• Task objective: For this exercise, restate every line below word for word and drop the images.

• Recorded data:

---

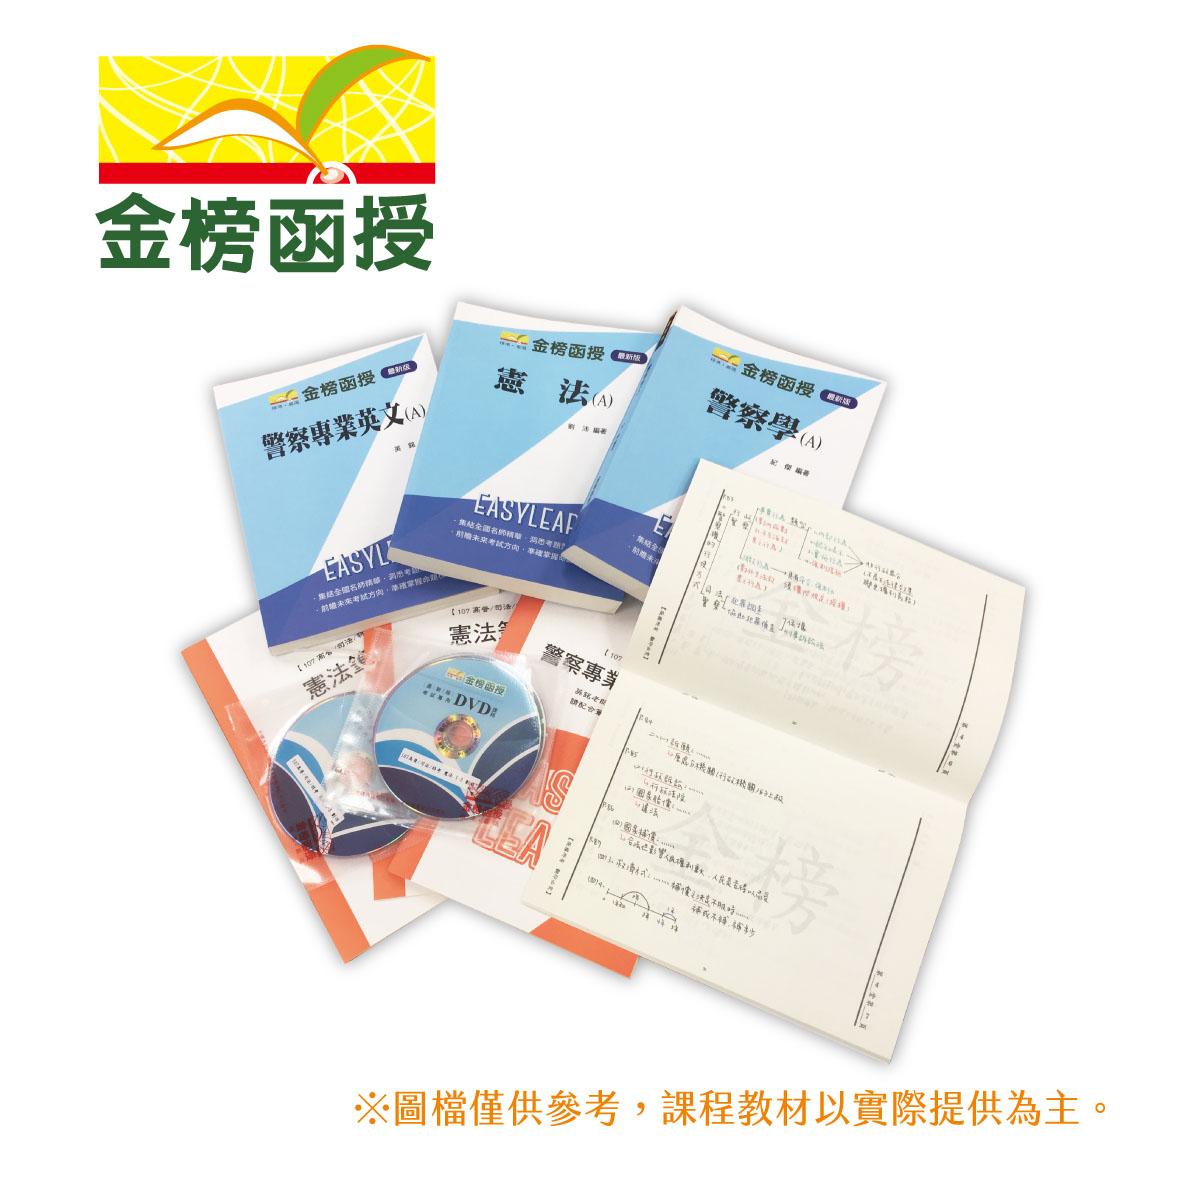 107金榜函授/行政法主题/行政法主题式/单科/云端/第09回/孙权
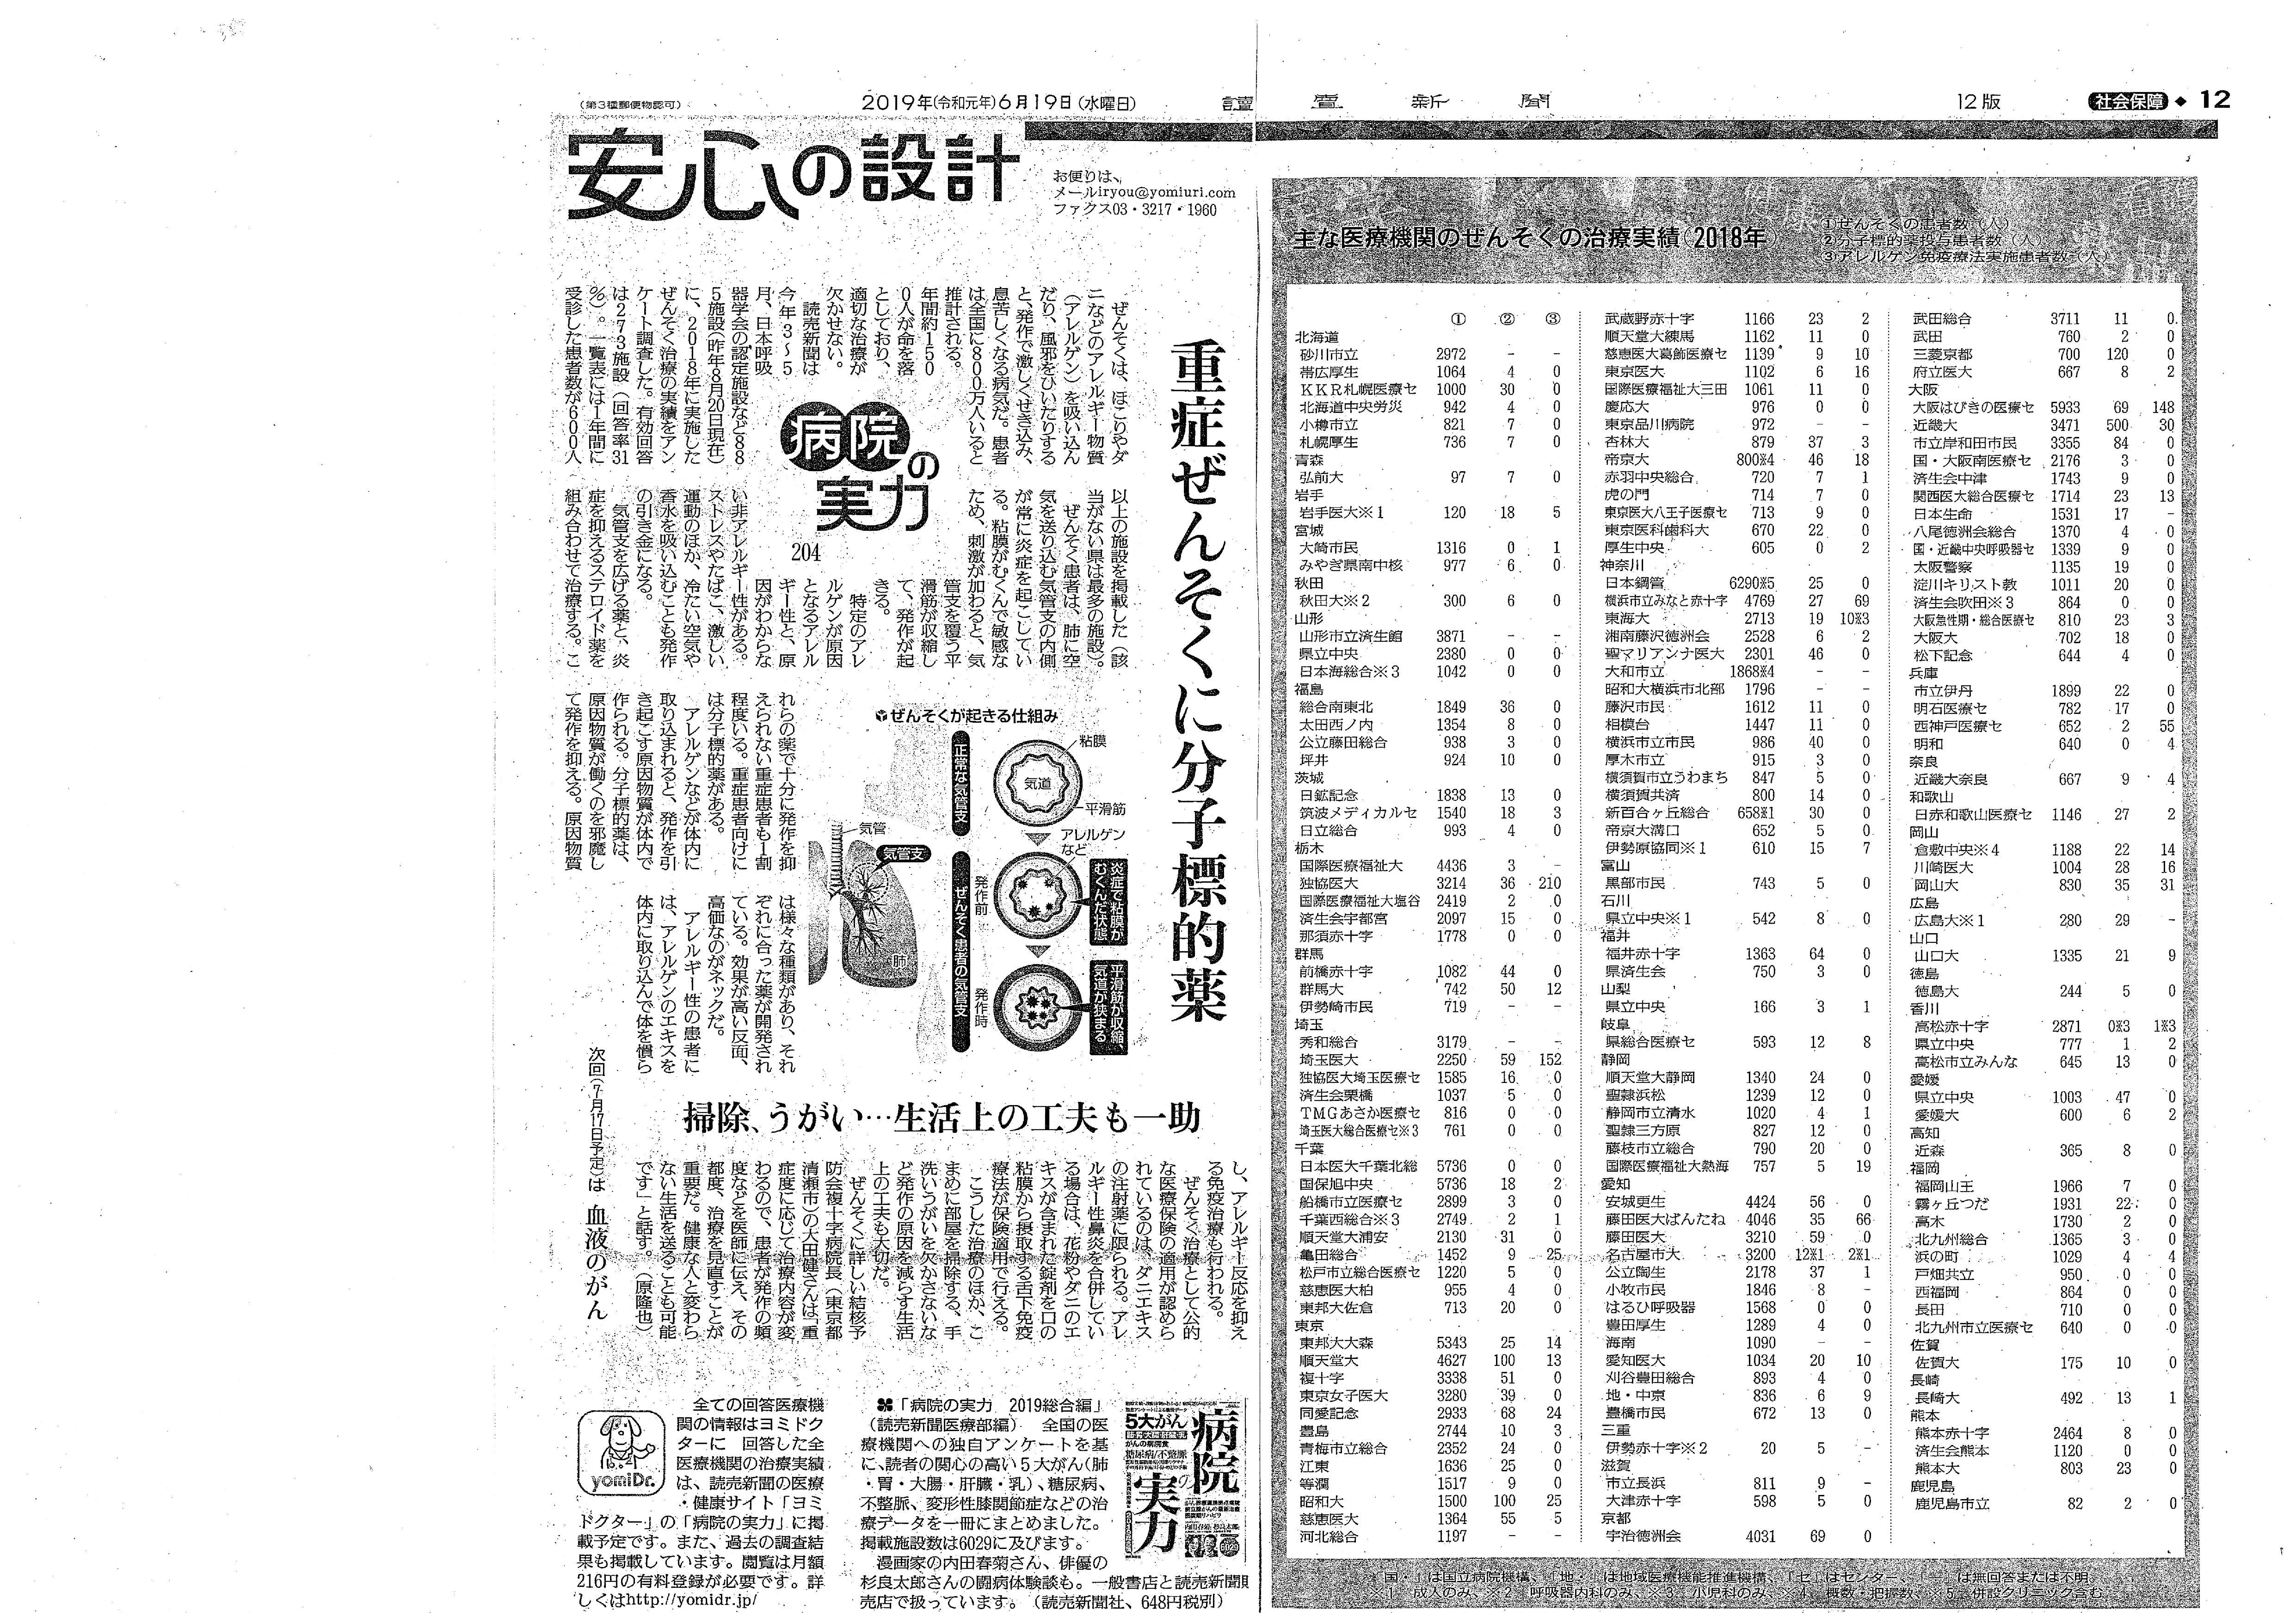 読売新聞全国版「ぜんそく」アンケート
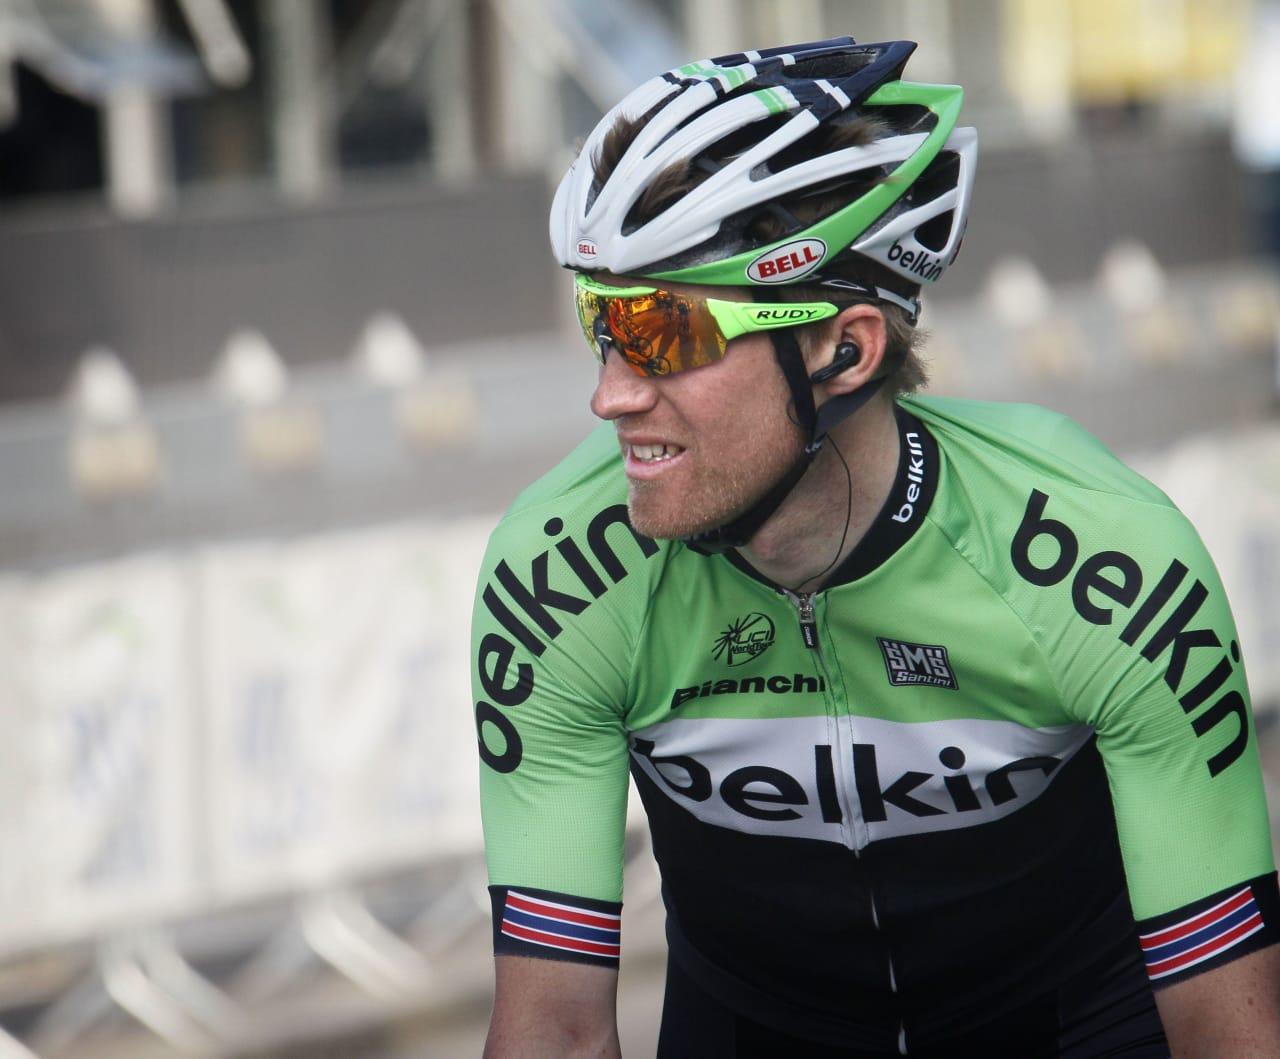 FÅR SVI? Kan Lars Petter Nordhaug miste Tour de France på grunn av norsk statsborgerskap, og hva blir konsekvensene på lang sikt? Foto: Cor Vos.
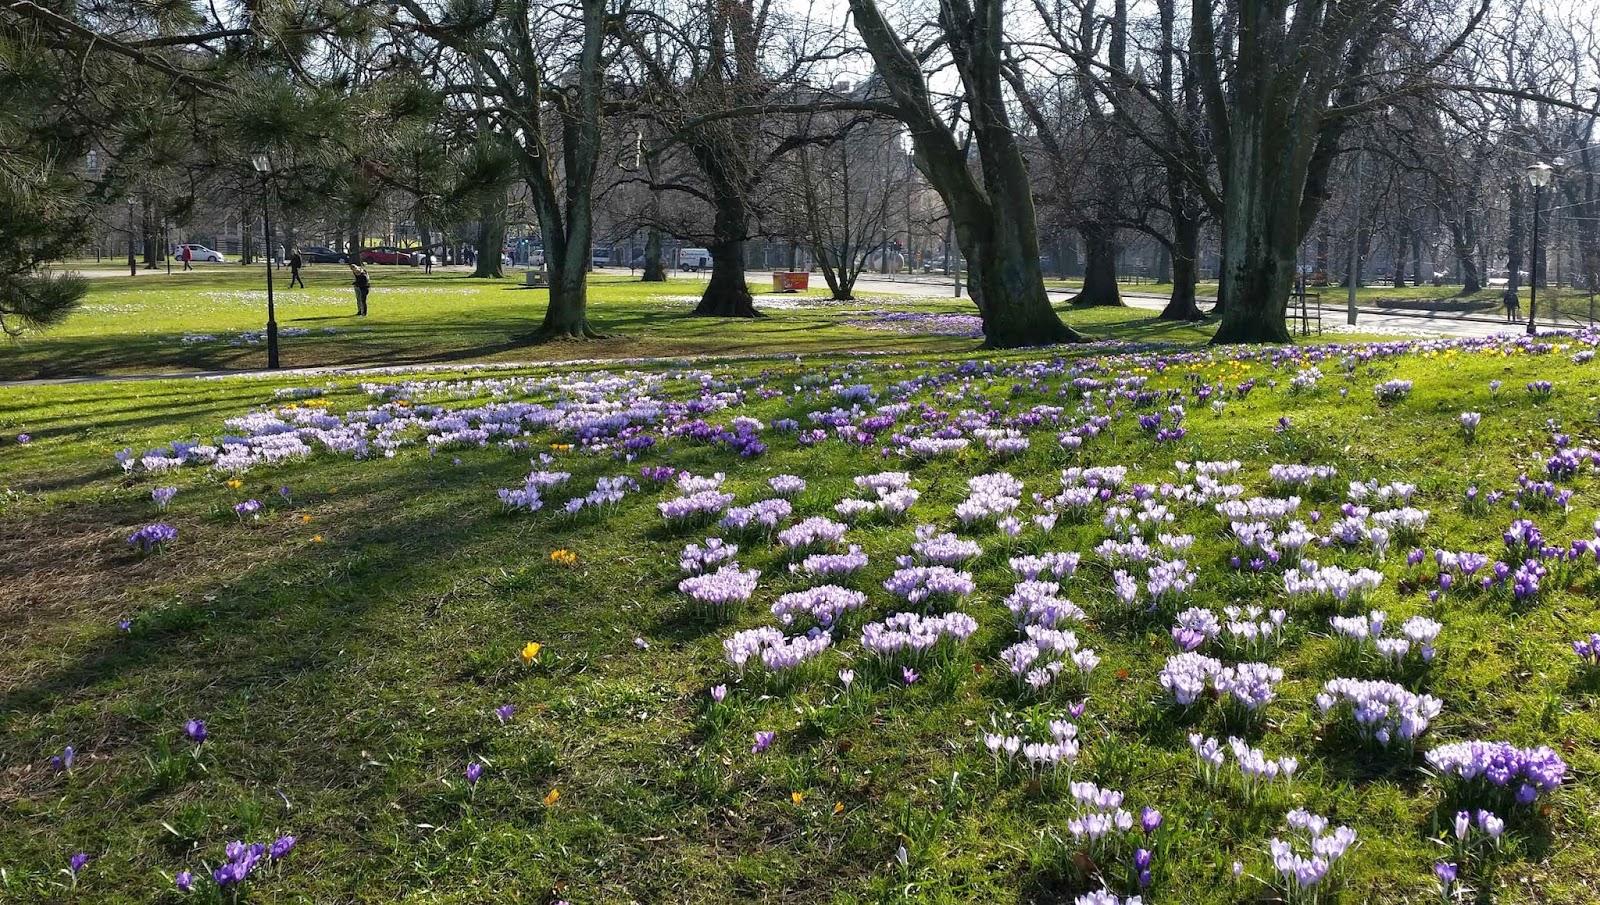 Krokusblomning i Kungsparken, Göteborg

---

• Response area:
 107金榜函授/行政法主题/行政法主题式/单科/云端/第09回/孙权
 読売新聞全国版「ぜんそく」アンケート
 FÅR SVI? Kan Lars Petter Nordhaug miste Tour de France på grunn av norsk statsborgerskap, og hva blir konsekvensene på lang sikt? Foto: Cor Vos.
 Krokusblomning i Kungsparken, Göteborg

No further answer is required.